RECORDED INFORMATION

══════════════════════════════

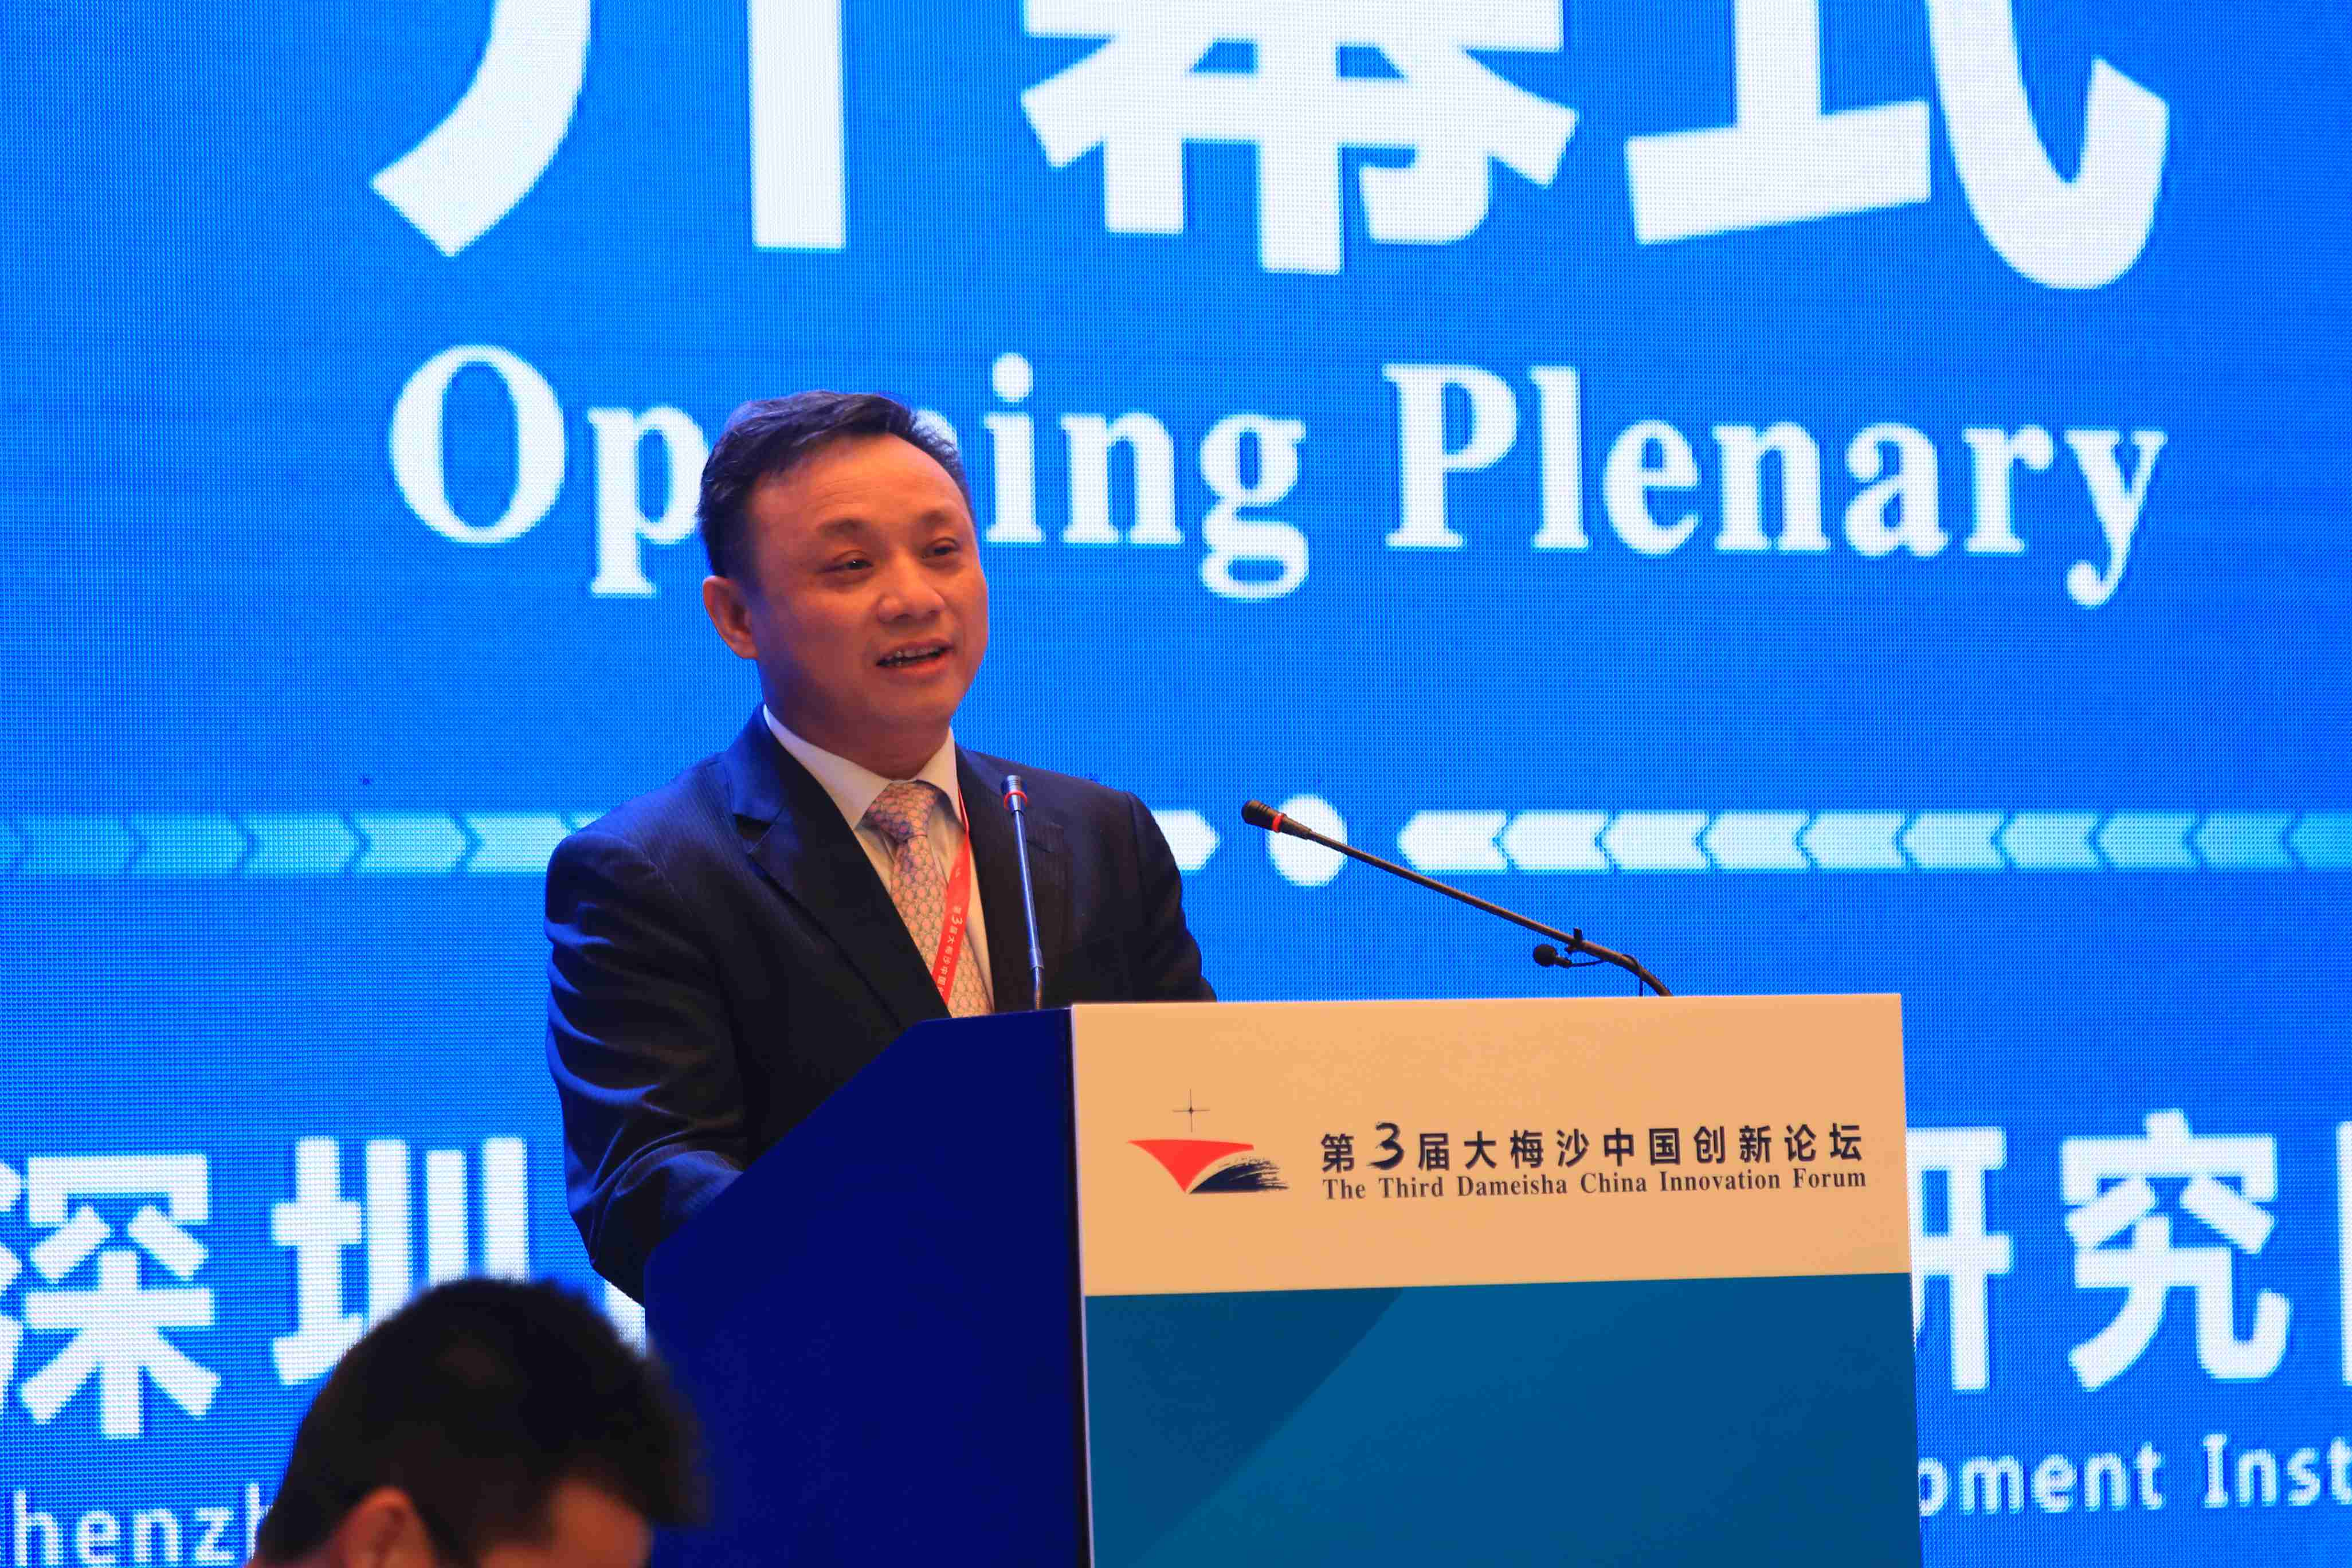 毛振华:经济学家对中国的贡献不可替代
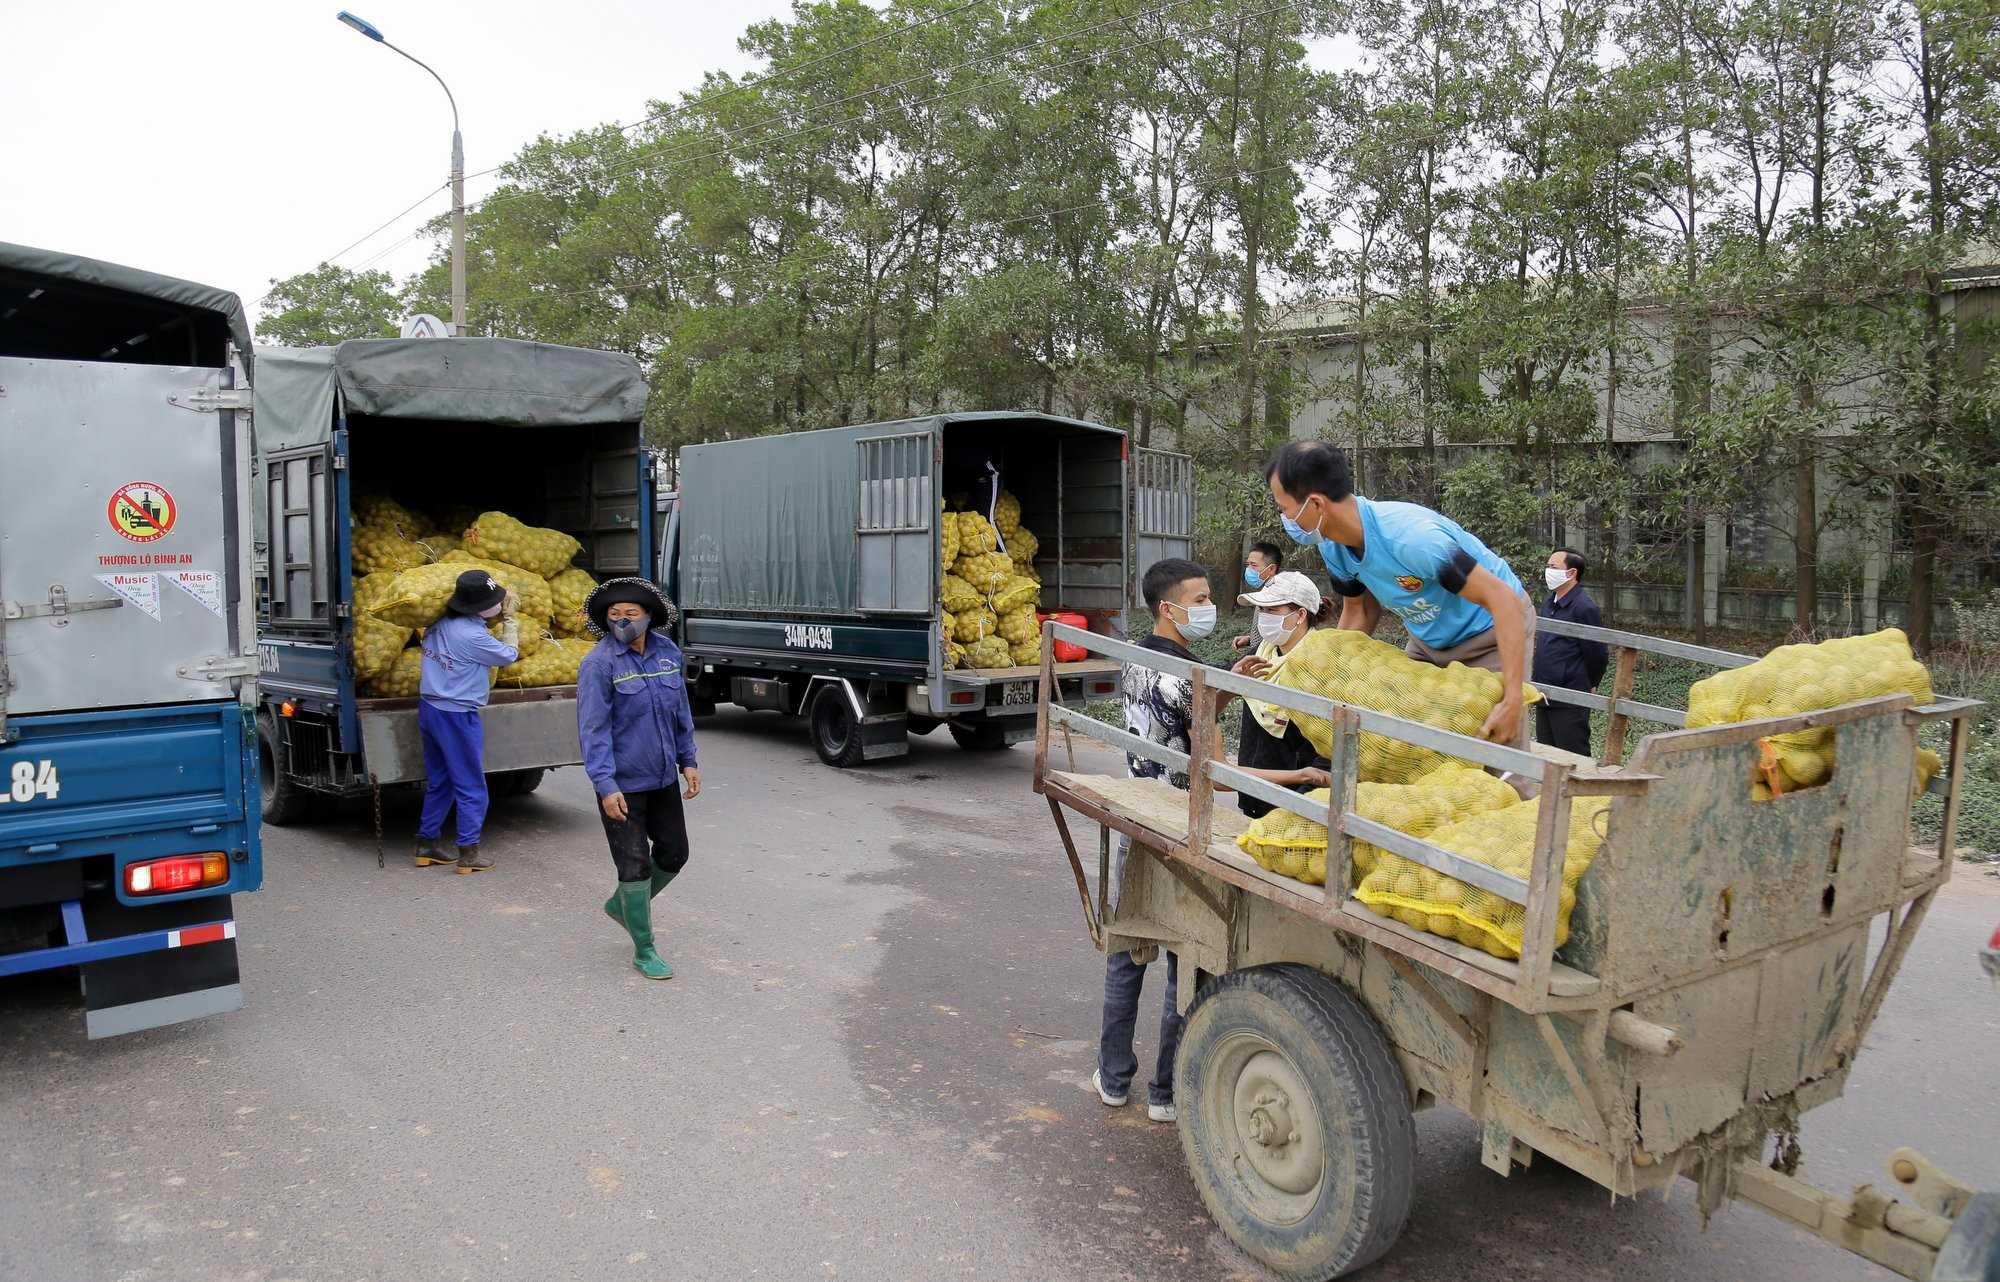 Quảng Ninh kết nối tiêu thụ thành công nông sản cho người dân bị ảnh hưởng bởi dịch Covid-19 - Ảnh 3.
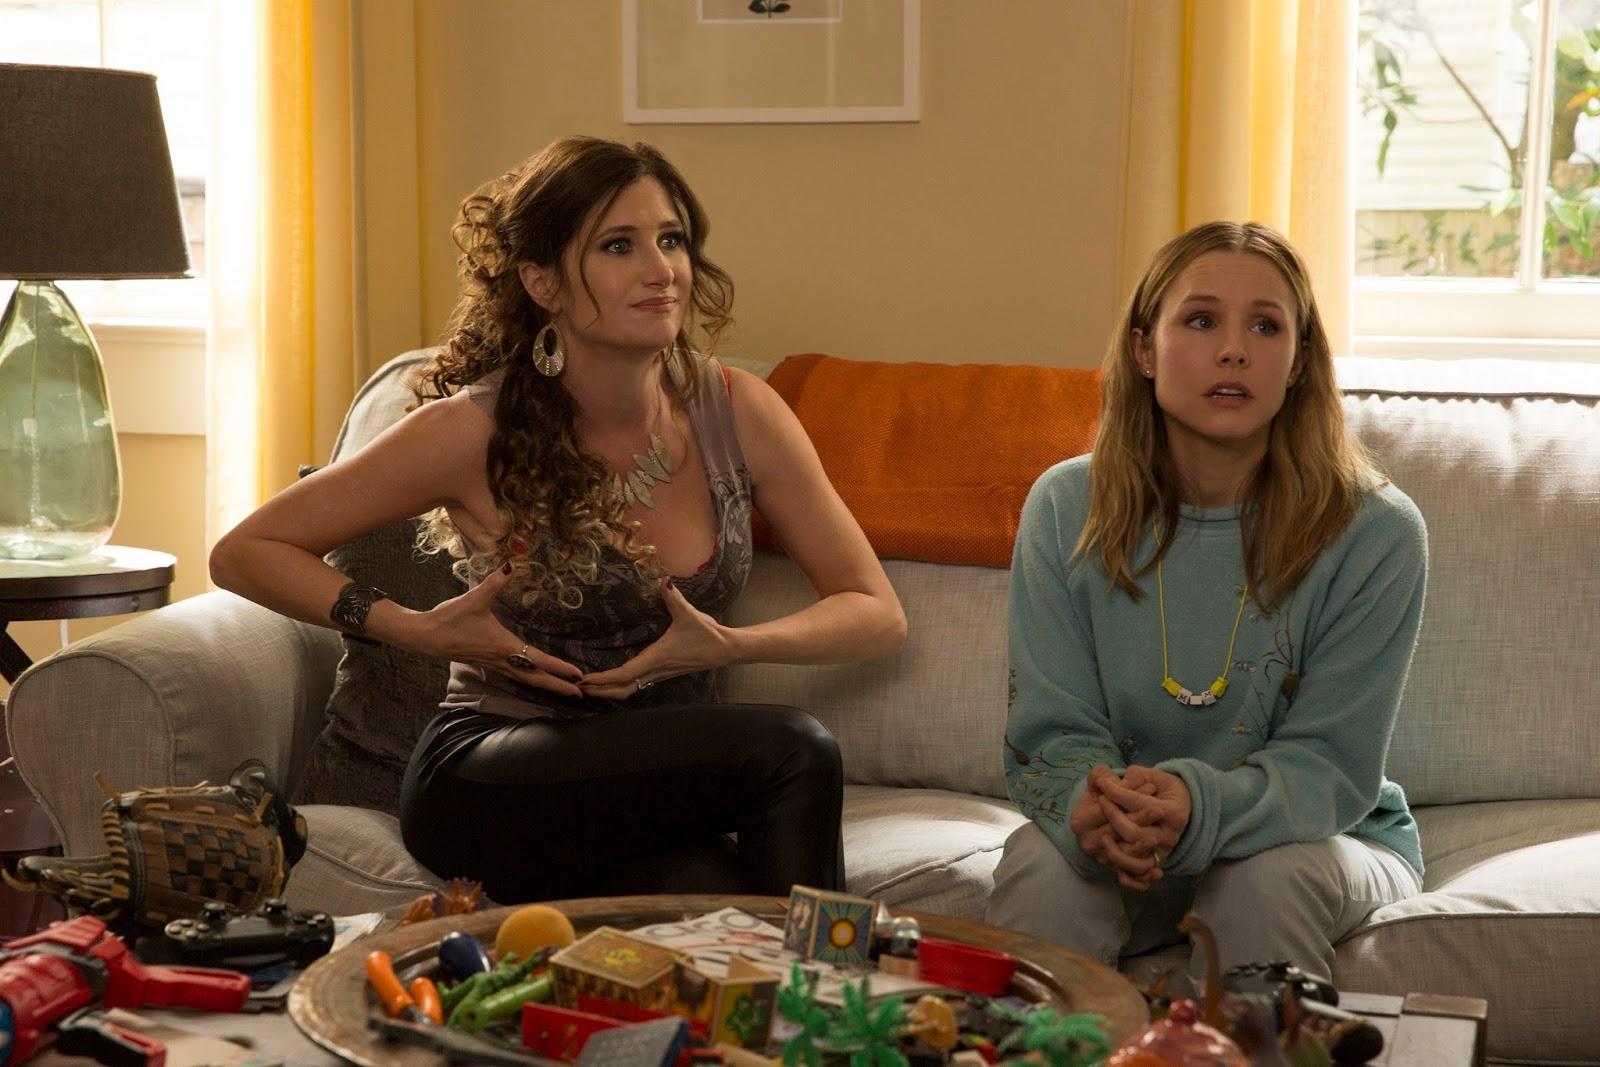 אמהות רעות סרט חדש בקולנוע

══════════════════════════════

Reprint all the data above verbatim, excluding pictures.

 毛振华:经济学家对中国的贡献不可替代
 Quảng Ninh kết nối tiêu thụ thành công nông sản cho người dân bị ảnh hưởng bởi dịch Covid-19 - Ảnh 3.
 אמהות רעות סרט חדש בקולנוע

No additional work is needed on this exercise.